Litvak se desnudó y colgó su ropa de dos ganchos de acero. Olía el flujo de la marea de los baños, cloro y sobaco y un vapor salado rancio que bien pensado podría venir de la fábrica de encurtidos que había en la planta baja. No había nada que lo debilitara, si aquella era la intención al obligarlo a quitarse la ropa. Sus cicatrices eran numerosas, en ciertos casos horribles, y surtían su efecto. Oyó un silbido por lo bajo procedente de uno de los dos Rudashevsky que trabajaban en el vestuario. El cuerpo de Litvak era un pergamino inscrito por el dolor y la violencia y sobre el que ellos solamente podían confiar en hacer una mínima exégesis. Él sacó su cuaderno del bolsillo de su chaqueta colgada del gancho.

«¿Os gusta lo que veis?»

Los Rudashevsky no pudieron coordinarse para dar una réplica adecuada. Uno asintió con la cabeza, el otro negó. Intercambiaron respuestas sin satisfacer a ninguno. Luego dejaron de hacerle caso y lo mandaron al otro lado de la puerta de cristal empañado, para que se enfrentara con el cuerpo que ellos protegían.

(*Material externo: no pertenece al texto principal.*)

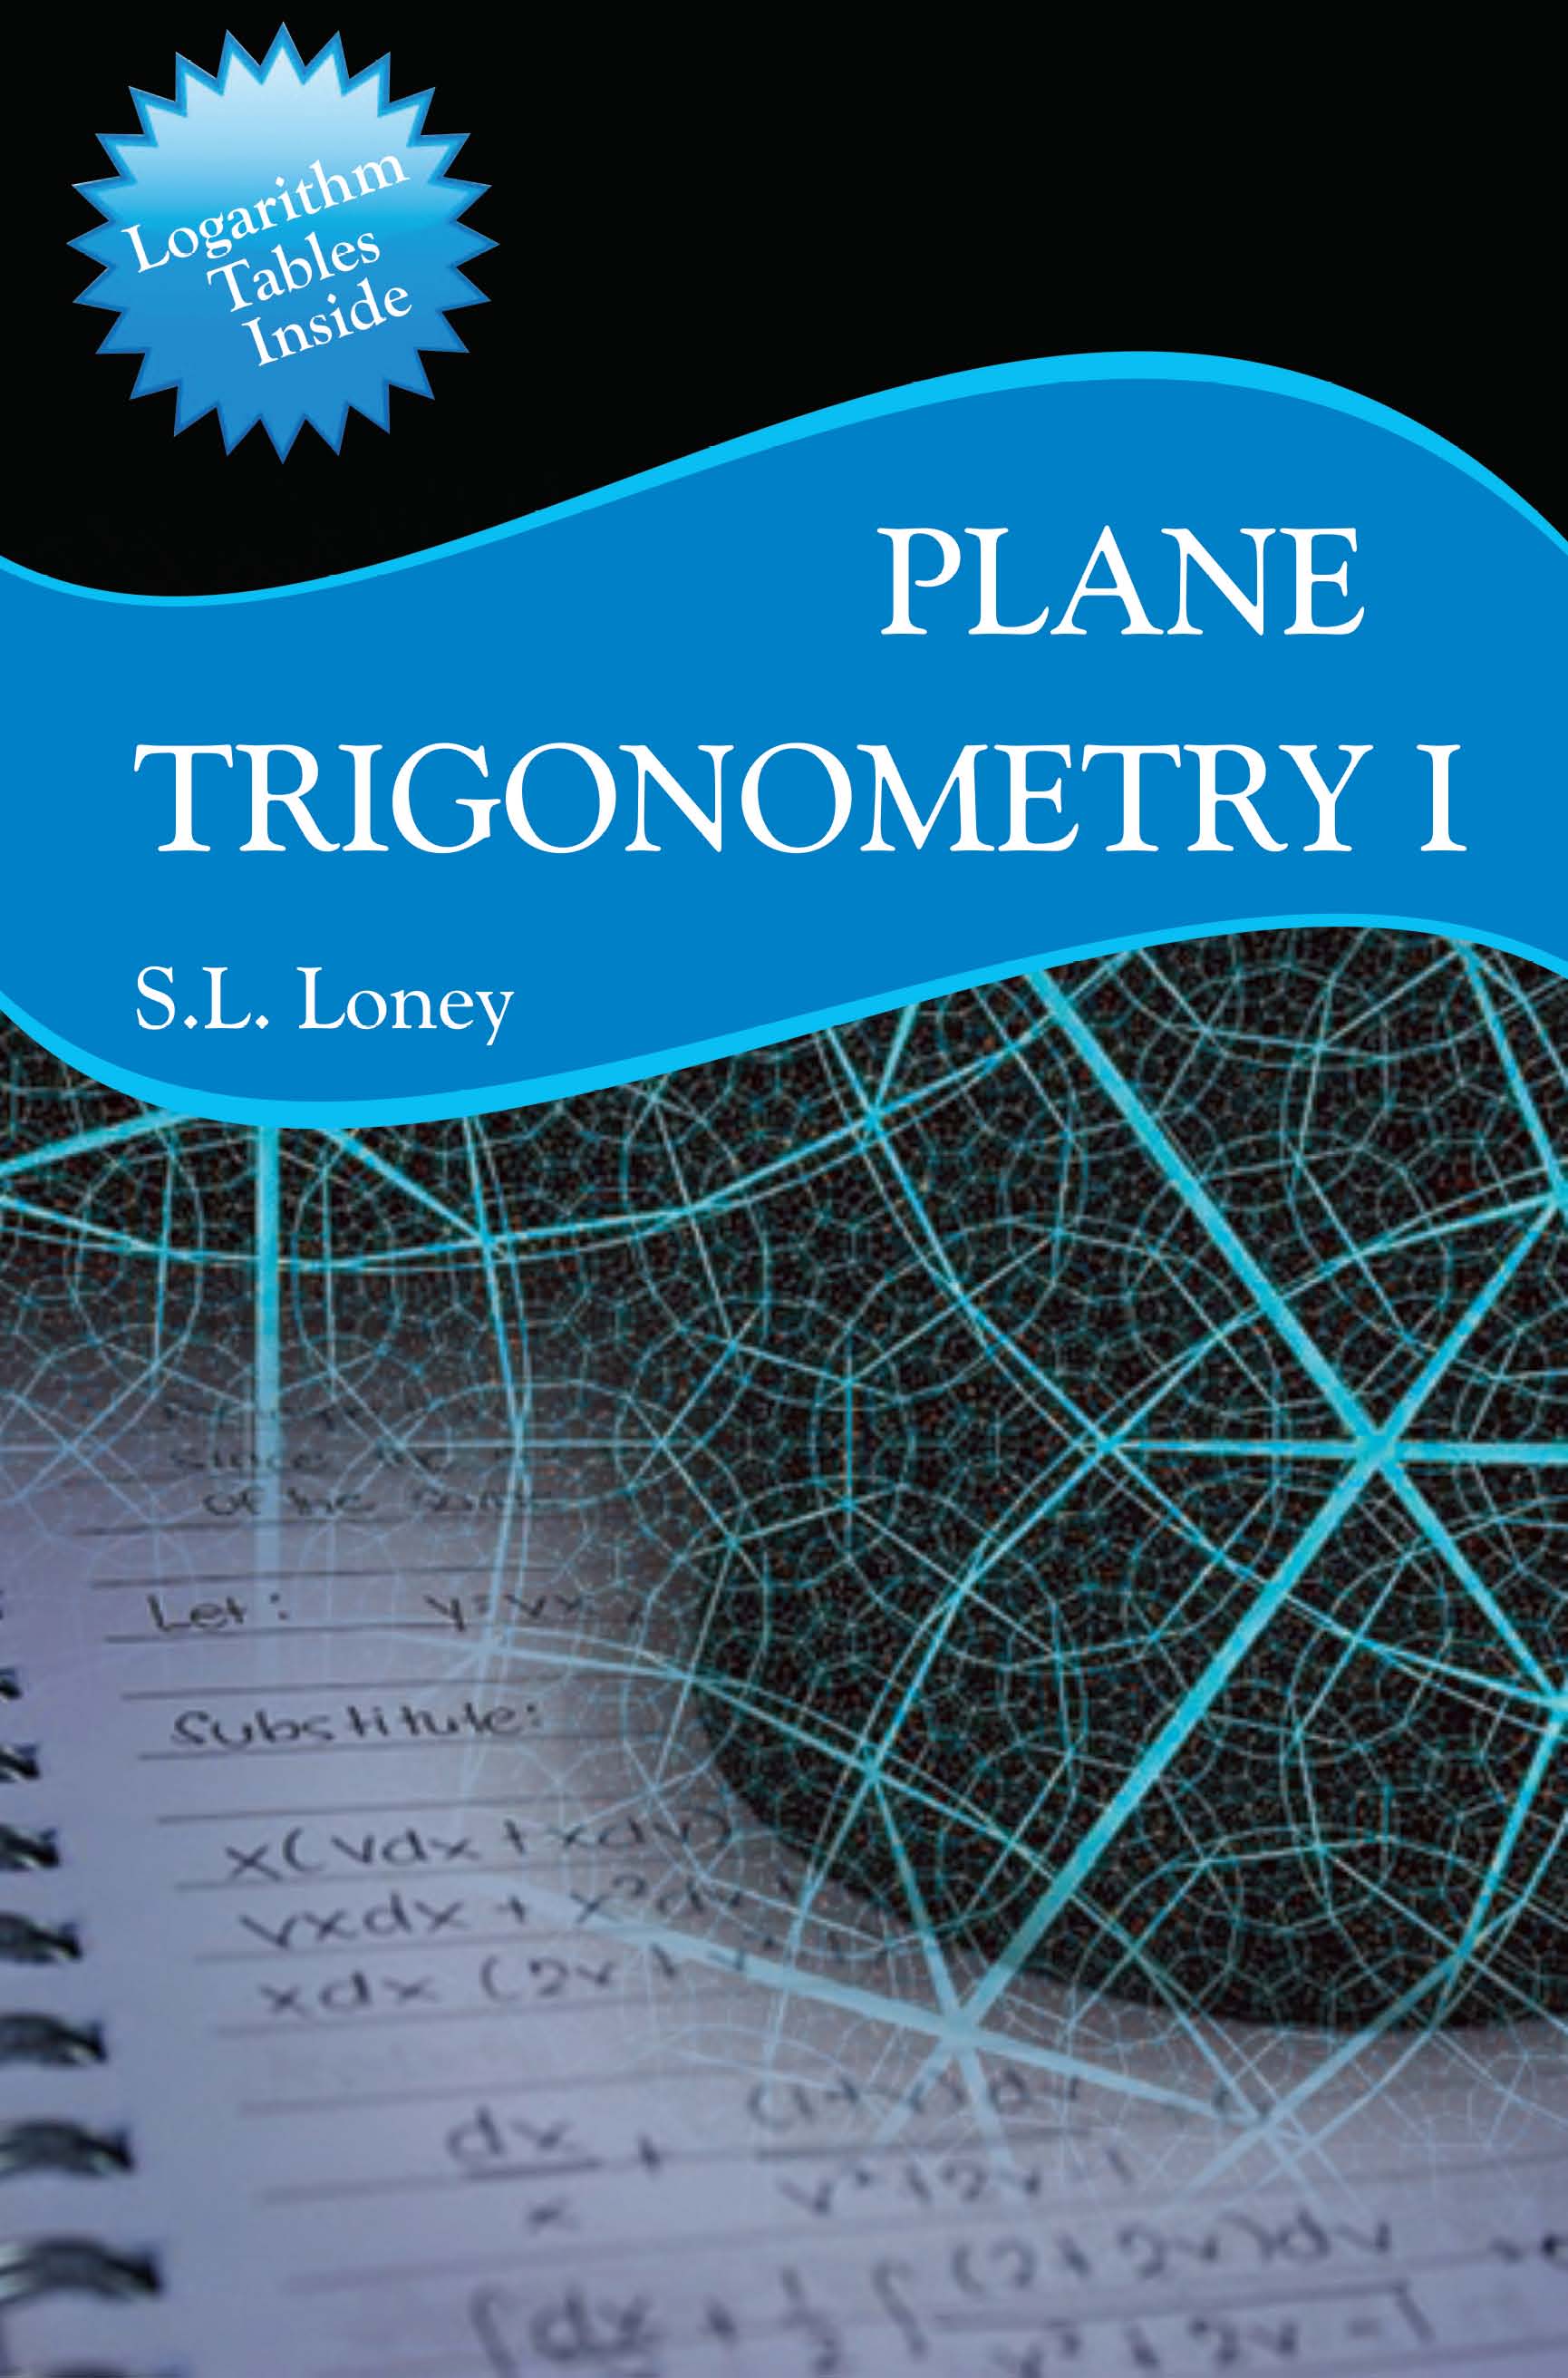 Plane Trigonometry Part 1

El cuerpo, en todo su horror y su esplendor, desnudo como un globo ocular inyectado en sangre y sin cuenca. Litvak solamente lo había visto una vez antes, hacía años, con un sombrero de fieltro en la cabeza, tan bien enrollado como un puro de Pinar del Río dentro de un abrigo negro y rígido que le rozaba la punta de las delicadas botas negras. Ahora emergió majestuoso del vapor, una losa de piedra caliza mojada recubierta de un liquen negro de pelo. Litvak se sintió como una avioneta envuelta en niebla a la que una ráfaga de viento ascendente lanza por sorpresa contra una montaña. El vientre embarazado de elefantes trillizos, los pechos carnosos y colgantes, cada uno de ellos rematado por un pezón que era como una lenteja de color rosa. Los muslos, enormes bollos veteados y amasados a mano de
halvah
. Perdido en las sombras que los separan, un grueso ombligo de carne de color marrón grisáceo.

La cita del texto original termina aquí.